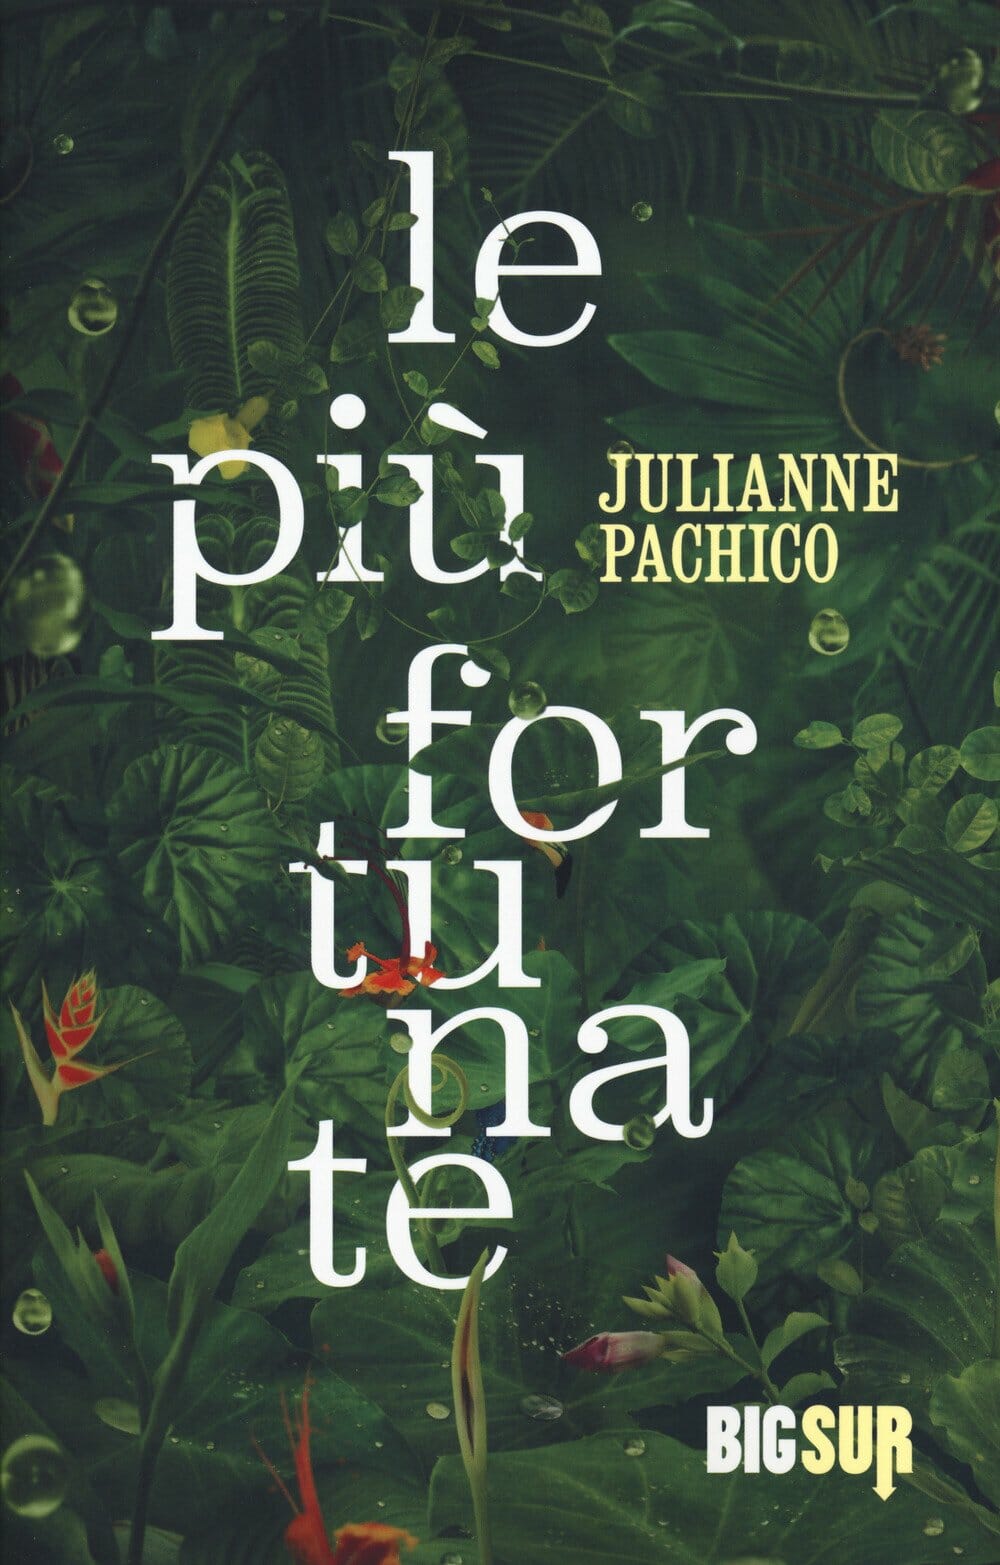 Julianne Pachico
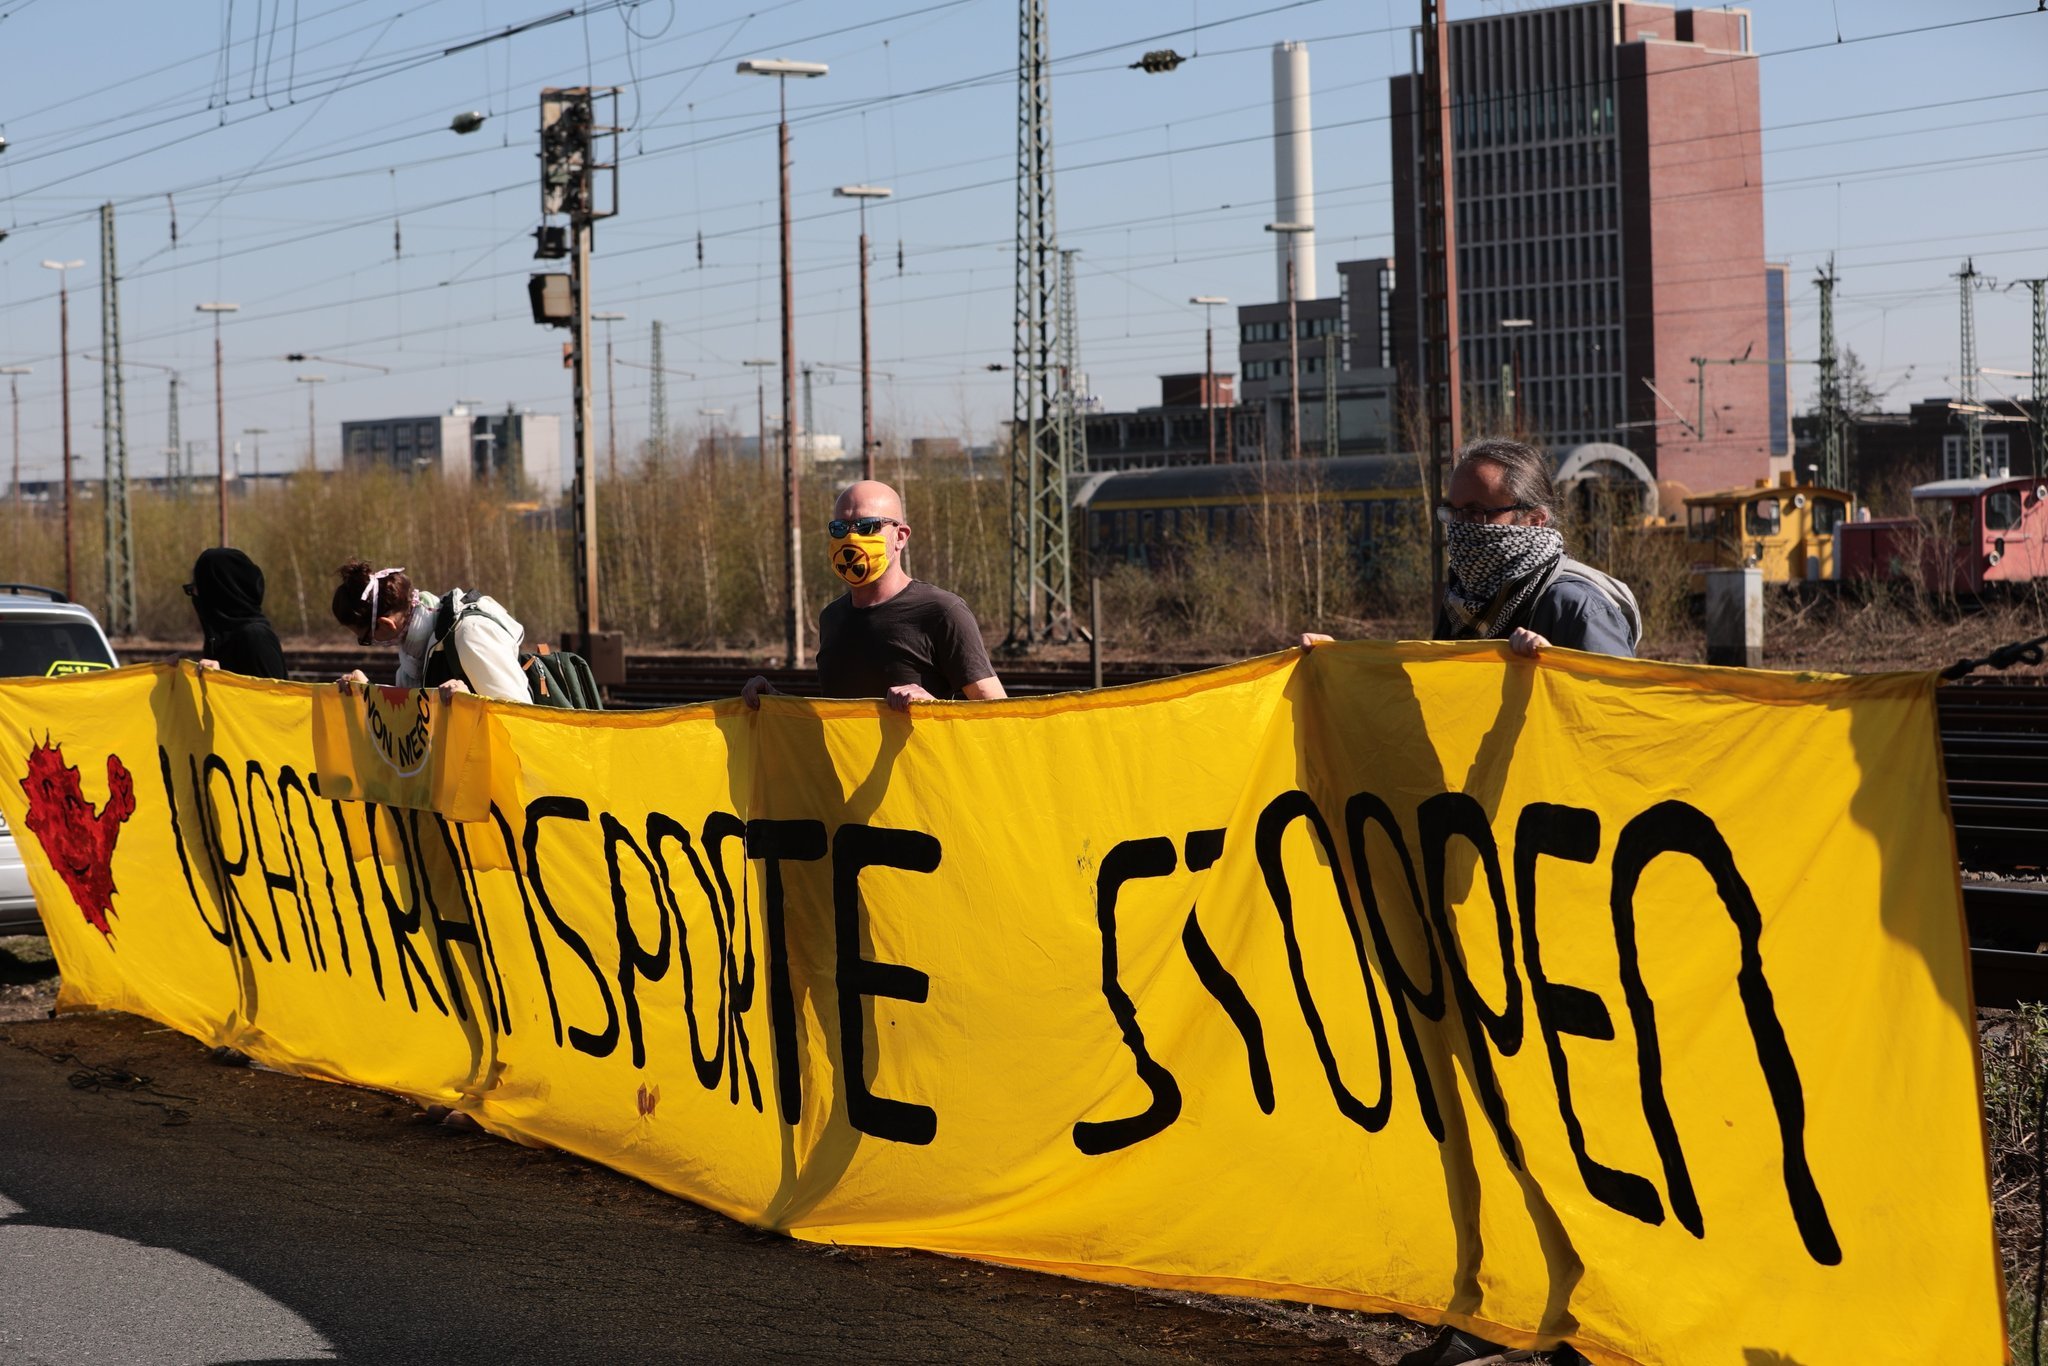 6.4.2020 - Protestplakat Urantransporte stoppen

┄┄┄┄┄┄

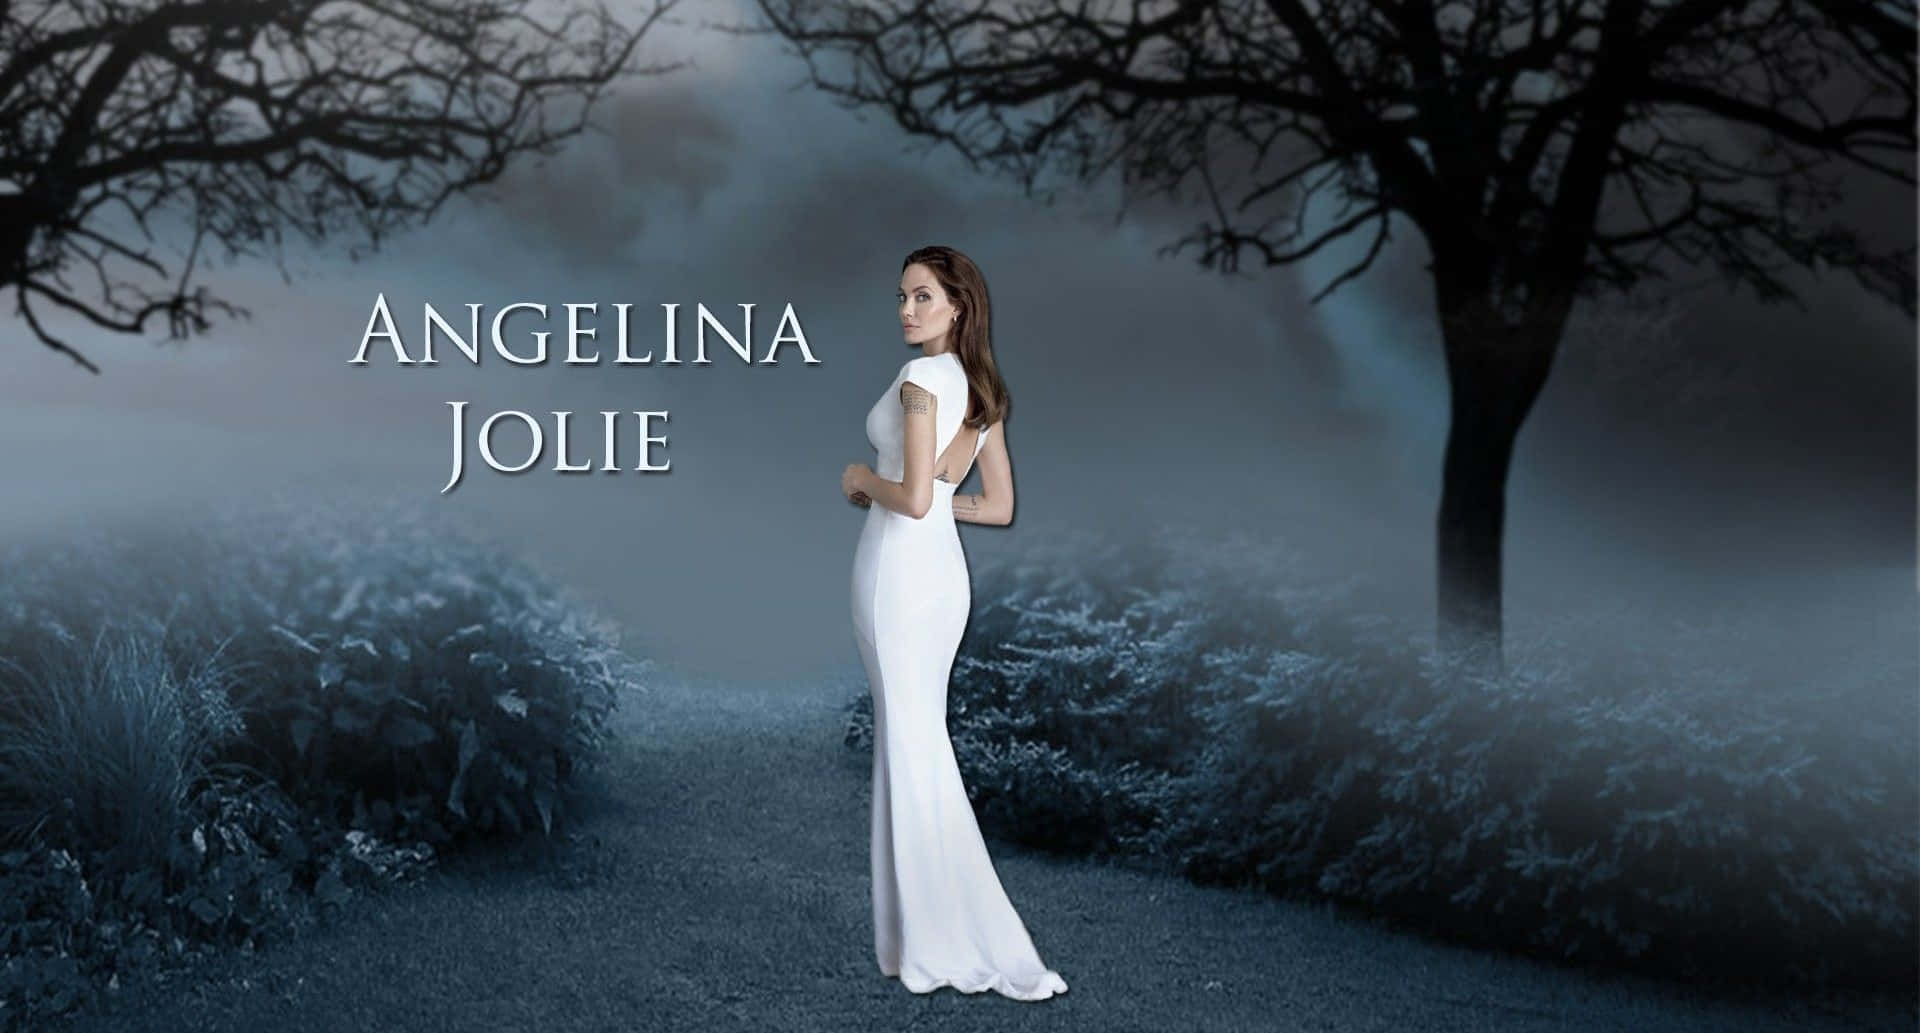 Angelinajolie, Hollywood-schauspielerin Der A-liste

┄┄┄┄┄┄

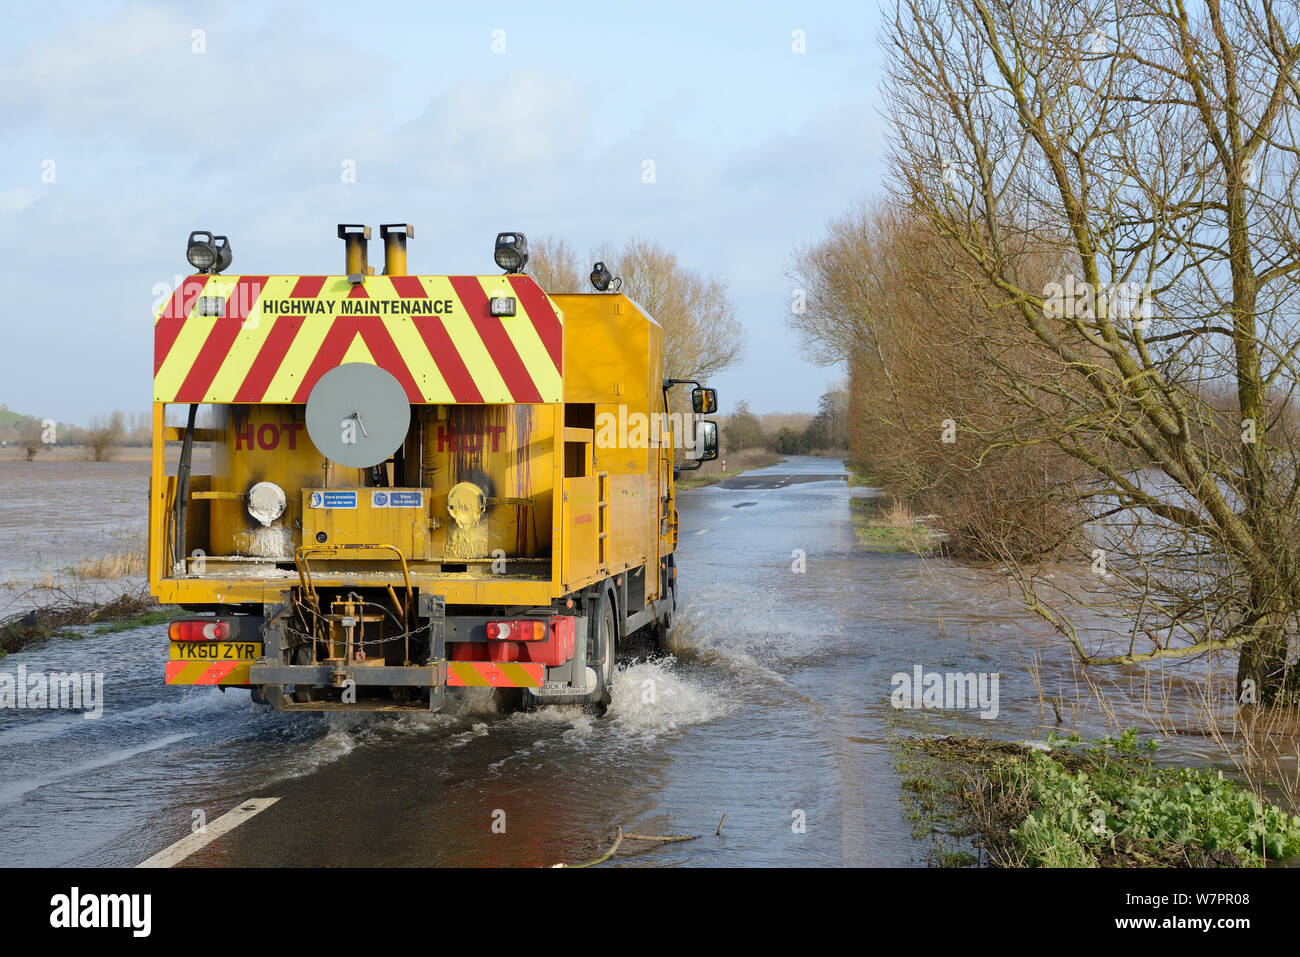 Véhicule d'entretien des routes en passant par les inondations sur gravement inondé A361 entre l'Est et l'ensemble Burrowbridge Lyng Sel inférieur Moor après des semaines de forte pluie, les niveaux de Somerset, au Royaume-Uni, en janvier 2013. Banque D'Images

┄┄┄┄┄┄

**What you will do:**
Using the data above, retype exactly and only the lines from the one containing "Julianne Pachico" up to and including the one containing "6.4.2020 - Protestplakat", with no pictures carried over.

**Answer space:**
 Julianne Pachico
 6.4.2020 - Protestplakat Urantransporte stoppen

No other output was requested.